Proving (-1 + i)7 = -8(1 + i) Using Polar Form: Complex Number Question

[Reshma]

This is a simple problem. Show that:
(-1 + i)⁷ = -8(1 + i)
where i = sqrt(-1)

I'm able to prove this result by expanding the bracket:
[(-1 + i)³]²(-1 + i)

But please help me prove this using the polar form.

 

[HallsofIvy]

This is a simple problem. Show that:
(-1 + i)⁷ = -8(1 + i)
where i = sqrt(-1)
I'm able to prove this result by expanding the bracket:
[(-1 + i)³]²(-1 + i)
But please help me prove this using the polar form.
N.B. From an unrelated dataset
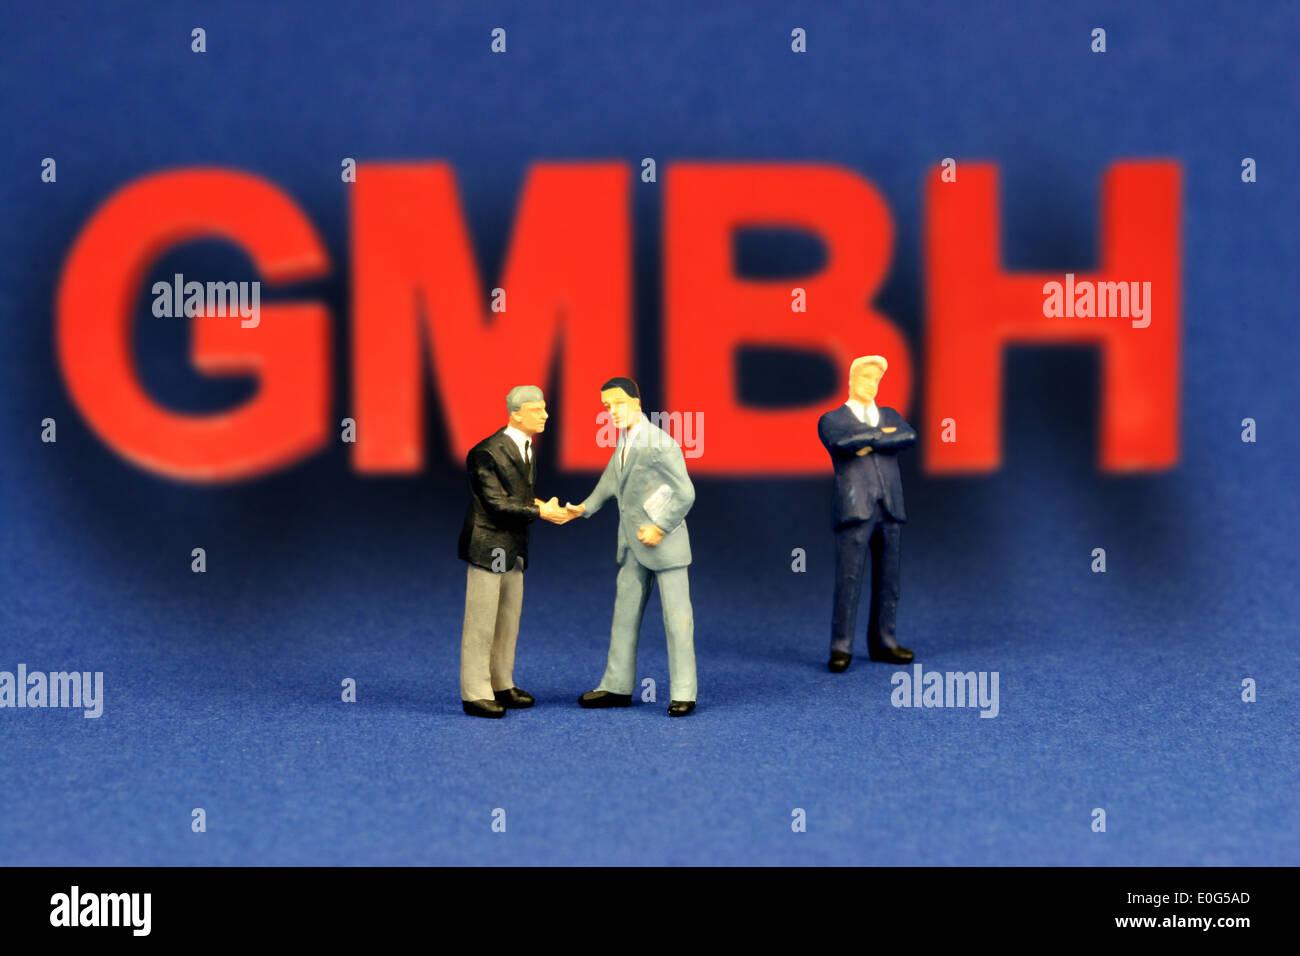 Gmbh and figures, company, companies, company form, company foundation, company foundation, branch, branches, company, companies - Stock Image
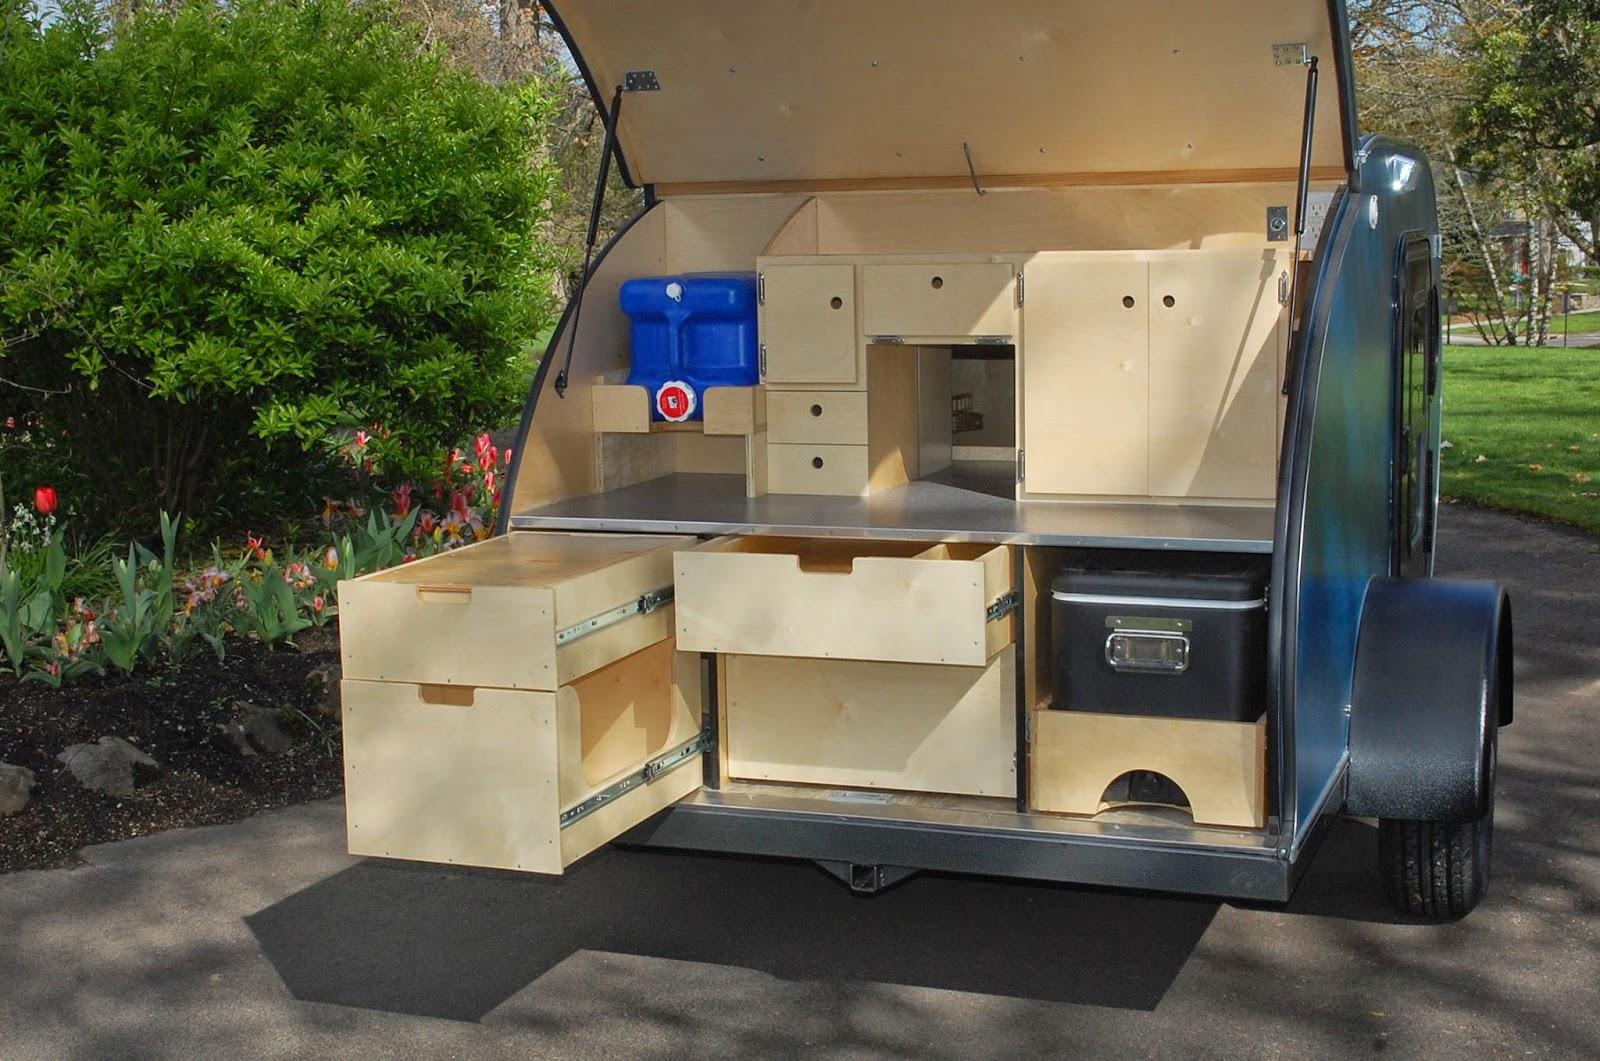 Tiny yellow teardrop march 2015 for Teardrop camper kitchen ideas

Okay, PUT it in polar form! Polar form is $r (cos(\theta)+ isin(\theta))$ where r is the "magnitude" of the complex number (distance from 0) which is $\sqrt{(-1)^2+ 1^2}= \sqrt{2}$ for -1+ i and $8\sqrt{2}$ for -8(i+1). You can get $\theta$ by using $\theta= arctan(\frac{Im}{Re})$ but you should be able to see simply by plotting the points. -1+ i corresponds to (-1,1) in the plane so the angle is $\frac{\3pi}{4}$. -(1+i)= -1-i corresponds to (-1, -1) so the angle is $\frac{5\pi}{4}.$.
The seventh power of a complex number corresponds to taking the seventh power of r and multiplying $\theta$ by 7.

 

[Physics Monkey]

Can you write z = -1 + i in polar form? What is the magnitude?

I see Ivy has this handled.

 

[Reshma]

Thanks, HallsofIvy! That was easy!